Naval History and Heritage Command

British Foreign Office to the Governments of France and Italy

COPY OF TELEGRAM TO FRENCH AND ITALIAN GOVERNMENTS.

          At the suggestion of the U.S. Government and in order to secure the further co-operation of the American and Allied Fleets and to discuss the best plans of operations to ensure victory, it is proposed that a Naval Conference should be held between such officers as the Governments may select to represent them.

          The U.S. Government have selected Admiral Mayo (Commander-in-Chief of the U.S. Atlantic Fleet) and Vice-Admiral Sims (Commander of the U.S. Naval Forces in European Waters) to represent them.1

          It is proposed that the Conference should commence in London on Tuesday, September 4th.

          If the proposal is acceptable it is requested that information may be given as to the officers selected to represent France, Italy, Russia.

 

(Sent by Foreign Office)

17th August, 1917.

Source Note: Cy, DNA, RG 45, Entry 517B. The decision to hold the naval conference proposed herein was the result of concerns from President Woodrow Wilson, Secretary of the Navy Josephus Daniels, and Adm. William S. Benson, Chief of Naval Operations, that Sims was providing inadequate information about naval matters to Washington and that Sims’ affinity for the British was causing him to subvert U.S. naval interests to those of the British. It was due to the efforts of VAdm. Sir Montague E. Browning, Commander-in-Chief, North America and West Indies Station, that Wilson, Daniels, and Benson agreed to send a naval mission to Europe for a conference of senior Allied naval officials, in order to clear up any misunderstandings or misconceptions. This conference took place 4-5 September.
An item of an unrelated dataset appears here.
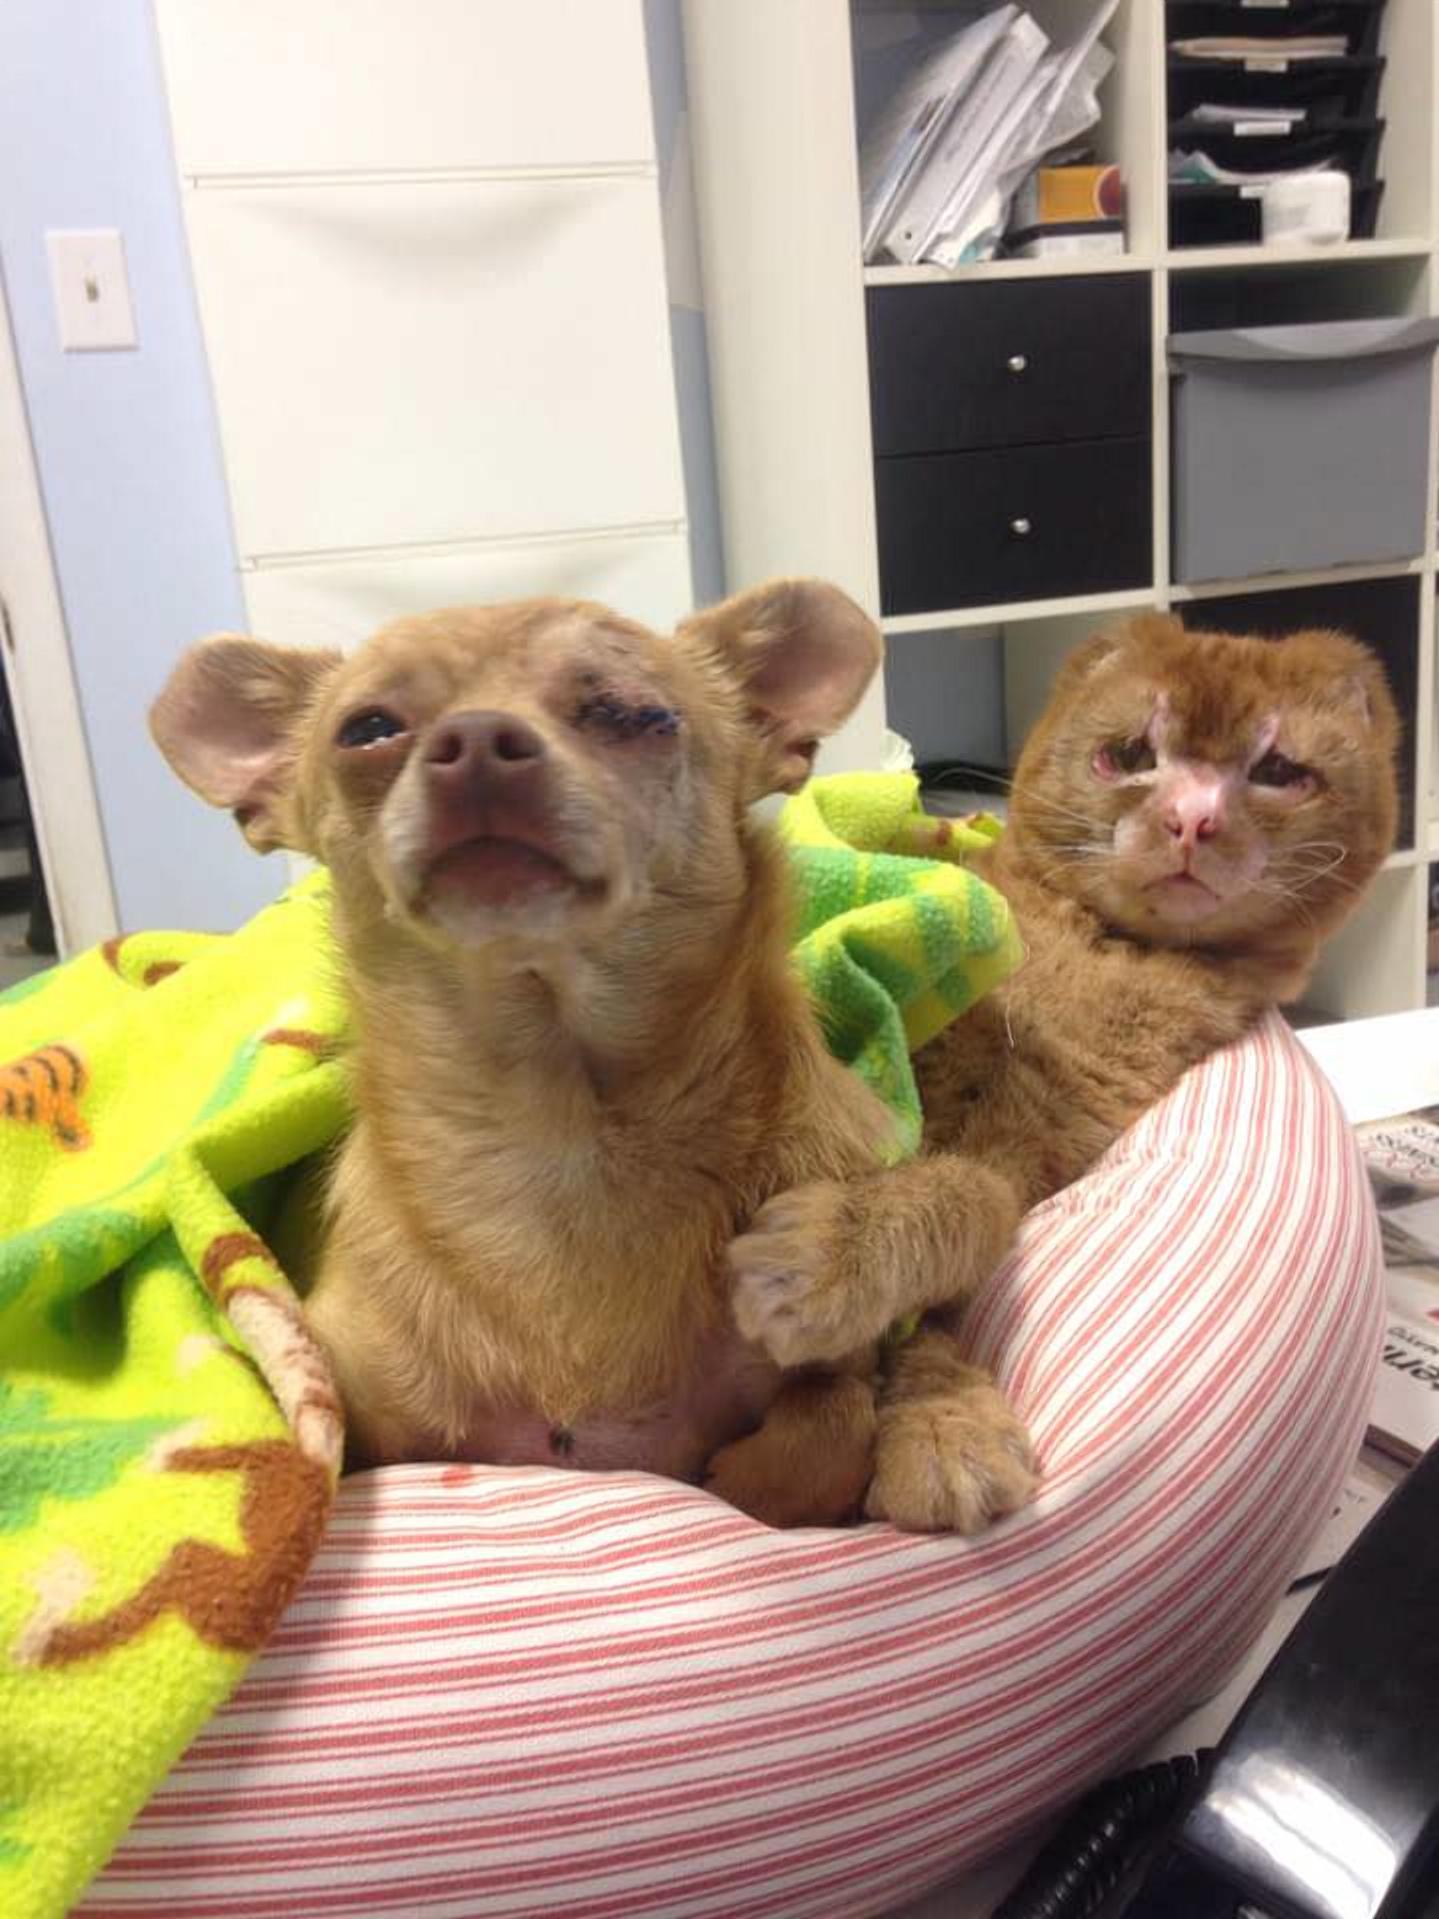 Фото: Animal Emergency Hospital / Facebook / с собакой Рокко

Though few concrete agreements or policy decisions resulted from this conference, First Sea Lord Adm. Sir John R. Jellicoe and First Lord of the Admiralty Sir Eric Geddes were pleased with the result; Mayo and the officials in Washington, however, still doubted Britain’s regard for American interests. For more on the origins, and results of this conference, see, Still, Crisis at Sea, 73-76, and Klachko and Trask, Benson, 82.

Footnote 1: Henry T. Mayo and William S. Sims.